First thing here is why you need to implements the base interface Repository as doing so, you will not have usual CRUD operations. For such operations is better to implements CrudRepository. Since you implement CrudRepository no need to define a findAll() Method and many well known others you can find in doc mentioned.
Furthermore, when using #SpringBootApplication Spring boot use default values. If you see the #SpringBootApplication definition you will see that :
Many Spring Boot developers always have their main class annotated with #Configuration, #EnableAutoConfiguration and #ComponentScan. Since these annotations are so frequently used together (especially if you follow the best practices above), Spring Boot provides a convenient #SpringBootApplication alternative.

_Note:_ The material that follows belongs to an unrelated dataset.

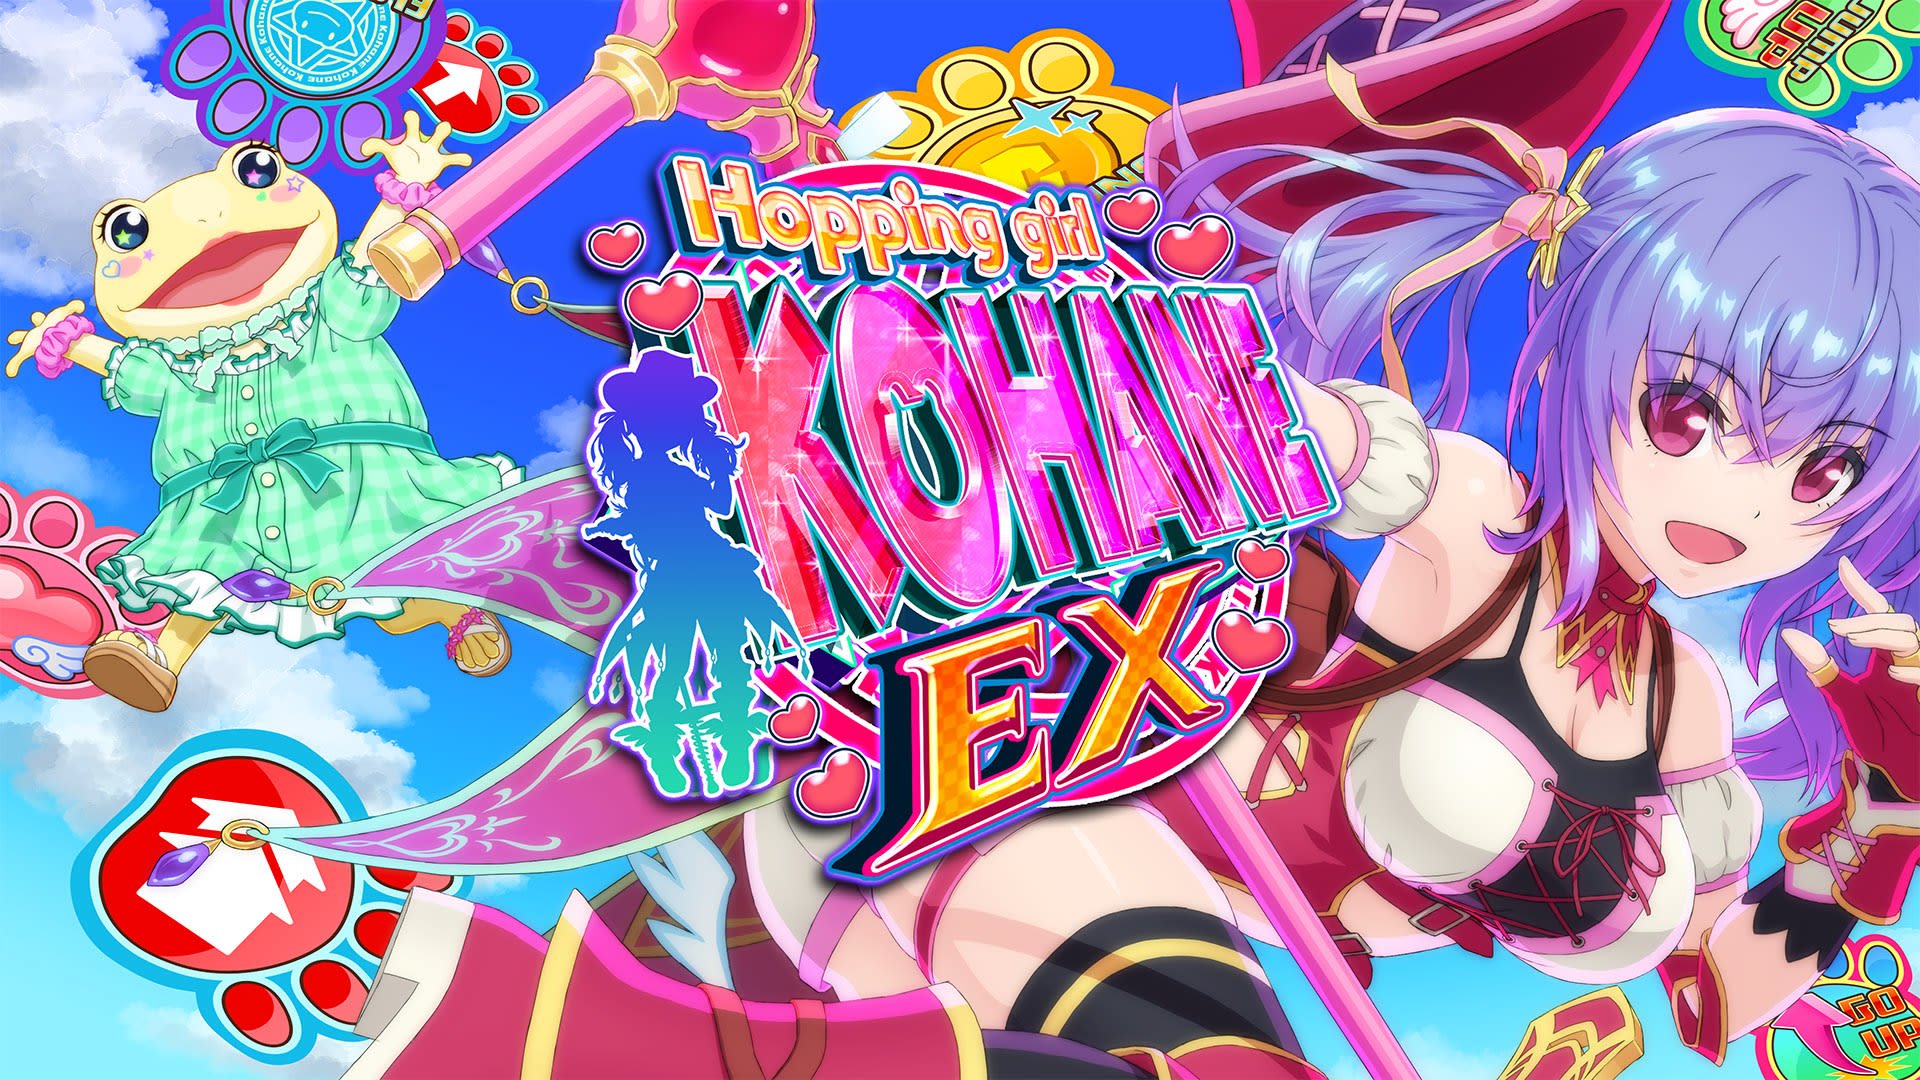 Hopping Girl Kohane EX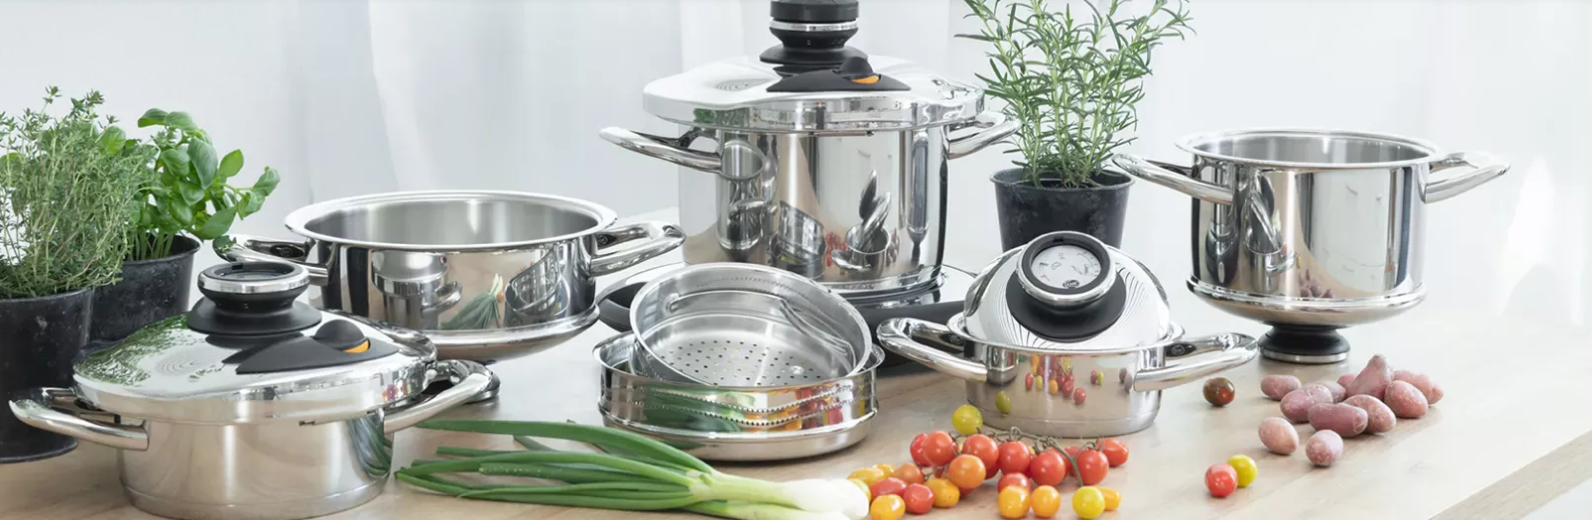 AMC lanza su nuevo sistema de cocina inteligente M30smart

The #SpringBootApplication annotation is equivalent to using #Configuration, #EnableAutoConfiguration and #ComponentScan with their default attributes: [...]
That means when using default values for ComponentScan your packages sturctures shloud be as following :
com.example.model -> your entities
com.example.repositoriy -> your repositories
com.example.controller -> controllers
com.example -> MainApplication class
Here is an example for default project structure
The main Application Class should be in higher level package then the others. Unless you have to specify packages location with #ComponentScan.
As you are beginner with the framework. I suggest you to always see classes definitions in official documentation.
UPDATE :
Here is an example from one of my spring boot projects
Also see this spring guide for JPA
Just annotate your interface with #Repository. And if that doesnt work try adding #EnableJPARepositories to the main class.
Try adding the #Repository annotation to your PersonRepository, that could be the reason it doesn't find it.
You need to annotate your PersonRepository interface with #Respository, otherwise the spring context won't recognize it or create an implementation for it.